**WORK REQUEST:** The response should hold each line from the entries below where "banner" is found.

▶

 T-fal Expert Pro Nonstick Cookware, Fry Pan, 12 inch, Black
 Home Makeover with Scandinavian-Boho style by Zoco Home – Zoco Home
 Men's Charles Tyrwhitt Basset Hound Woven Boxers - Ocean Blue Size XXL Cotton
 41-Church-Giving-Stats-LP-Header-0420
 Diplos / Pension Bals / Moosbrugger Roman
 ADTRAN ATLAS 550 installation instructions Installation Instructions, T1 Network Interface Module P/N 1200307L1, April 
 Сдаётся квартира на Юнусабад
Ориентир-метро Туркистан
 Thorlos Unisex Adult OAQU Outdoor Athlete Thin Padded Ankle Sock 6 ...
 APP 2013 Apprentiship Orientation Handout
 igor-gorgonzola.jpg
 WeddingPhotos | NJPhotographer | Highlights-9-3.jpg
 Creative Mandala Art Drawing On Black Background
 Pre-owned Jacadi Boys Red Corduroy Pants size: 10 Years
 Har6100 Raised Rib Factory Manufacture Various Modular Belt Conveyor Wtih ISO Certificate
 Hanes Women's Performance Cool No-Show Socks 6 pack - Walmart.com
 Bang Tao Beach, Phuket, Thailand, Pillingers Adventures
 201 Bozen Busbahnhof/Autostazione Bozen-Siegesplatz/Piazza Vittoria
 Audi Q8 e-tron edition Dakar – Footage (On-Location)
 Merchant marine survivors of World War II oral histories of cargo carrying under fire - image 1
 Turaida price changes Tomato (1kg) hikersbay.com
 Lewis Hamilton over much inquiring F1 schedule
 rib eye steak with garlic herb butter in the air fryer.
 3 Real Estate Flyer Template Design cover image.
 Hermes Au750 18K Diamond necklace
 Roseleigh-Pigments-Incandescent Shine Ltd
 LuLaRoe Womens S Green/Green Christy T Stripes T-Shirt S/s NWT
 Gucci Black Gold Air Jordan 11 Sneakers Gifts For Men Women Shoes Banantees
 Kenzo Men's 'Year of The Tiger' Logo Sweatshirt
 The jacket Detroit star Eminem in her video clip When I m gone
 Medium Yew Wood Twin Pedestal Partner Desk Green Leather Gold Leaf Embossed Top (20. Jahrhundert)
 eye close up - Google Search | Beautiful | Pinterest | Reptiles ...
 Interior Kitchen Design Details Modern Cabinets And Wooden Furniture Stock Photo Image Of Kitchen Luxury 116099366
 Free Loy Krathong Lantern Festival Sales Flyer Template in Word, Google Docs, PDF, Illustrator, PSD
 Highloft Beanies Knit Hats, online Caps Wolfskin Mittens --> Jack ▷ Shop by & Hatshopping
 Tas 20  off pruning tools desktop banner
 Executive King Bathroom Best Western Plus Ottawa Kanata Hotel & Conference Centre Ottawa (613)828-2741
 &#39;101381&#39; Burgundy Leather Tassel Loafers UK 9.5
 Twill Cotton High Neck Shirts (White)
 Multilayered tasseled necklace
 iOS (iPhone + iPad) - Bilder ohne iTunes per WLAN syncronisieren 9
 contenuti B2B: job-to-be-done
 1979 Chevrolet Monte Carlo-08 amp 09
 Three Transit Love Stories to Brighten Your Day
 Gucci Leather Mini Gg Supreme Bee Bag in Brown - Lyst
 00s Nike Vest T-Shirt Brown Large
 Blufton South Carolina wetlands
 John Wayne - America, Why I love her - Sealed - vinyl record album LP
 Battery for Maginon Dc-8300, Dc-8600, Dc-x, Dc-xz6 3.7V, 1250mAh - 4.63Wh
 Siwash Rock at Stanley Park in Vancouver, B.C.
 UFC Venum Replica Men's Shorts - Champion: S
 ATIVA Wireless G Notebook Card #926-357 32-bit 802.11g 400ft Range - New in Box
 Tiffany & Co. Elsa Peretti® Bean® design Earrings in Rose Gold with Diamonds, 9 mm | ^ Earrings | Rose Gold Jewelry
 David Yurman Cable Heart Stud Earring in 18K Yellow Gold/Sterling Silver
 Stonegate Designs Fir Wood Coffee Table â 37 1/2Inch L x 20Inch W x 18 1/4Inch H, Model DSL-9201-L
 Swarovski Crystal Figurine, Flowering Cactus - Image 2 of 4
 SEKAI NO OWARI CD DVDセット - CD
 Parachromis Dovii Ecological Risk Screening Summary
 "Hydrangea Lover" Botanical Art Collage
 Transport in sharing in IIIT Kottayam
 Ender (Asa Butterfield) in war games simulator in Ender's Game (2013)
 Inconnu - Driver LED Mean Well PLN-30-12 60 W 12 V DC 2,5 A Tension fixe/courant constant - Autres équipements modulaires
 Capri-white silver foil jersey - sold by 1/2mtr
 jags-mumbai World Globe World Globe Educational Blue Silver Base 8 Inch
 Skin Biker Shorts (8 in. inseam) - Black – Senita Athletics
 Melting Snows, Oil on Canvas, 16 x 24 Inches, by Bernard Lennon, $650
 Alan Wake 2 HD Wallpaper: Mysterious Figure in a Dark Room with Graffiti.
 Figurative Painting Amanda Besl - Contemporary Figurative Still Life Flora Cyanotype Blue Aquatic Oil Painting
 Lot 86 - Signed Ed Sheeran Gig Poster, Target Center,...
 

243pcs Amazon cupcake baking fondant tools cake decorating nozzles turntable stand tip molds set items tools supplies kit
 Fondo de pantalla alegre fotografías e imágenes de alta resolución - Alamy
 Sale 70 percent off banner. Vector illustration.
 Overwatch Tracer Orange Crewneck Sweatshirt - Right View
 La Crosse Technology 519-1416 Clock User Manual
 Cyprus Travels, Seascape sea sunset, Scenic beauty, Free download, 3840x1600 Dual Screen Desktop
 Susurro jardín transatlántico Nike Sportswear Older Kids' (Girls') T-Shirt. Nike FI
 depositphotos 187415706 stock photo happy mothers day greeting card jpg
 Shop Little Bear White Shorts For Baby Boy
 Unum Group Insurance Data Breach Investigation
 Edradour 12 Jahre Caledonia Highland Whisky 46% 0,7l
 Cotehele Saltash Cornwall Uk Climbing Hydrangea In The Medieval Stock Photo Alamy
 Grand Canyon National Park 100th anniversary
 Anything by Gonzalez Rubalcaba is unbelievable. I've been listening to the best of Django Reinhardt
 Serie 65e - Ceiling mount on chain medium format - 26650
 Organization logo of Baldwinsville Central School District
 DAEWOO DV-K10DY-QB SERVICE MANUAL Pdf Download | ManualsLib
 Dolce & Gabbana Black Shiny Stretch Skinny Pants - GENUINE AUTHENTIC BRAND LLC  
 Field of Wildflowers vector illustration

◀

**EXPECTED ANSWER:**
 Tas 20  off pruning tools desktop banner
 Sale 70 percent off banner. Vector illustration.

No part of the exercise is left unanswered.